I realized while trying to read these that YA literature reflects the times as they are and that they will also, occasionally, attempt to grasp the times that Aren’t Yet and pull them closer. If there’s a glut of vampire books on the market now there may not be in fifteen years. Of these, many will fade into obscurity and some, the ones that strive, will remain — Darwin will police the stacks — and in the meantime, the literature will evolve. Things people look at as taboo in one era (women wearing pants) don’t warrant a second glance in another. YA literature is one of the mechanisms by which children learn what types of adults they will become. They likely won’t learn to become vampires, but they may learn that they’re not the only teenage girls who have a compulsion to cut themselves, or that they’re not the only boys who are attracted to other boys, or they may learn how to build a house in a tree if they ever get stranded on an island.
There are many YA books out there — some of them good, and some of them bad. Some of them I’d be happy to let my (theoretical) children read, and some that I think would be a waste of their time.
I feel compelled to quote Heavy Metal Rocker Dee Snider who, when called before the PMRC (Parents Music Resource Comission) in 1985 by a very clueless Al Gore to testify about the harm rock music caused teens, schooled the Senator in parenting in one of the most one sided smackdowns since Lloyd Benson told Dan Quayle that he was, in fact, “No Jack Kennedy”.
Senatore GORE: [Should a parent have] To sit down and listen to every song on the album?
Mr. SNIDER. Well, if they are really concerned about it I think that they have to.
Senator GORE. Do you think it is reasonable to expect parents to do that?
Mr. SNIDER. Being a parent is not a reasonable thing. It is a very hard thing. I am a parent and I know.
I don’t know what’s more embarrassing, that Congress would waste tax dollars on such a farce, or that the senior Senator from Tennessee got his ass handed to him in a debate by a guy who appeared on his album cover wearing shoulder pads, spandex pants, and pink lace-up boots waving a bloody soup bone.
I’m not sure why the Wall Street Journal would bother to print such nonsense, I can only hope it is a result of laying off so much of the editorial staff over the past few years rather than policy.
In summary:
Being a parent is not supposed to be easy.
It’s not the publishing industry’s job to decide what to print based on what you like to read.
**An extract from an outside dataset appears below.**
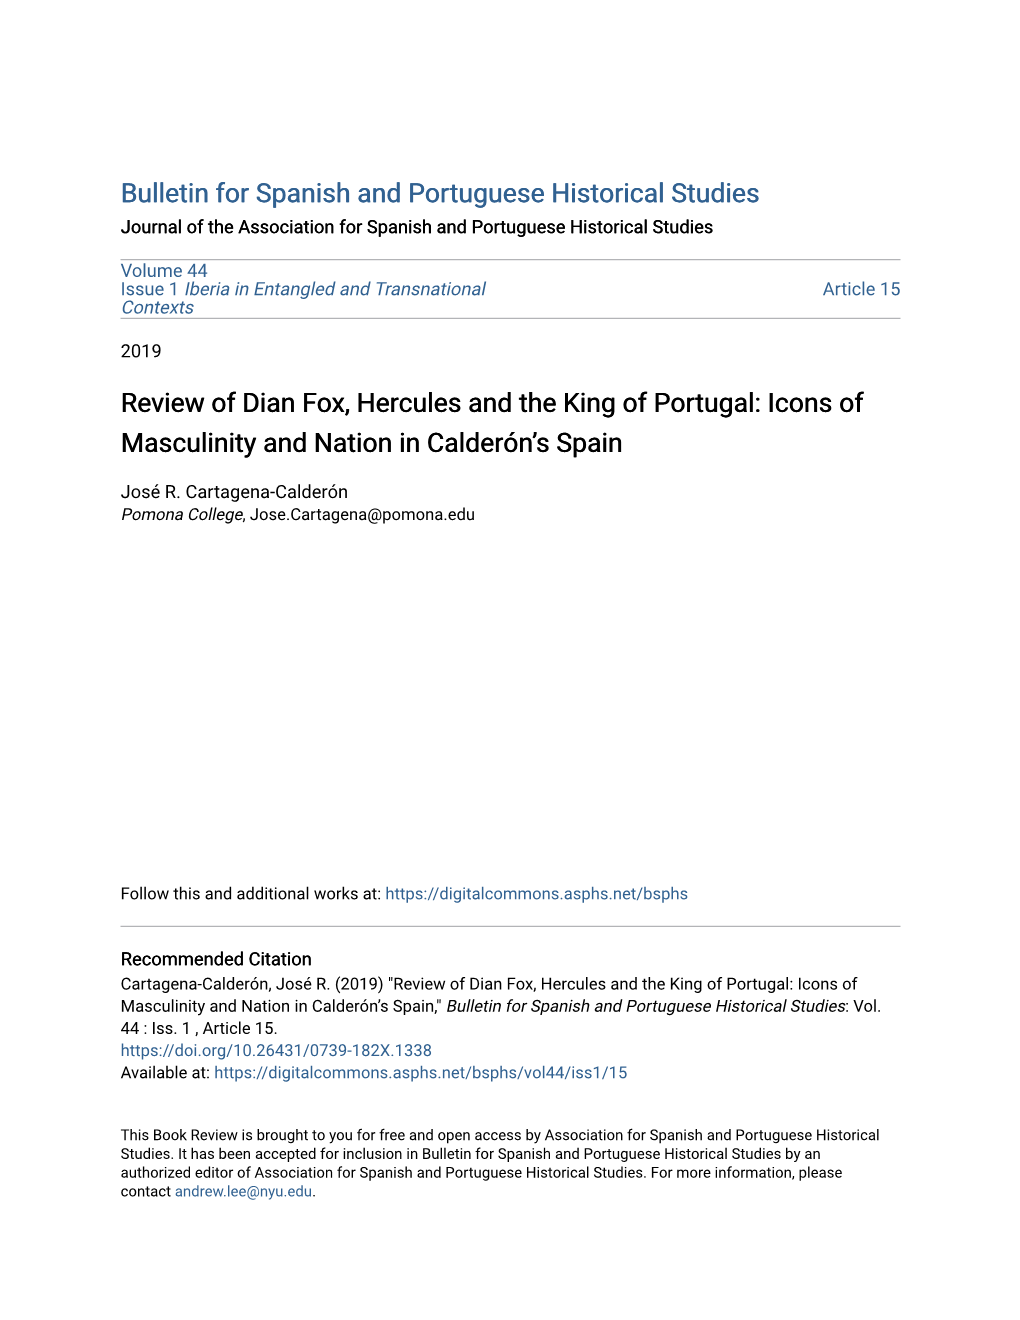 Review of Dian Fox, Hercules and the King of Portugal: Icons of Masculinity and Nation in Calderón’S Spain

Not all books are good books.
Every single book that you liked as a child you can still get for your own kids, if not from your local bookstore, then from ebay.
Good literature stays around, the bad stuff is transient.
At some point your child will probably read a book that you don’t think is good that will change their lives in a good way.
Ranting to the Wall Street Journal that YA literature sucks when you apparently know nothing about YA literature is a sad attempt at making a shortcut to responsible parenting.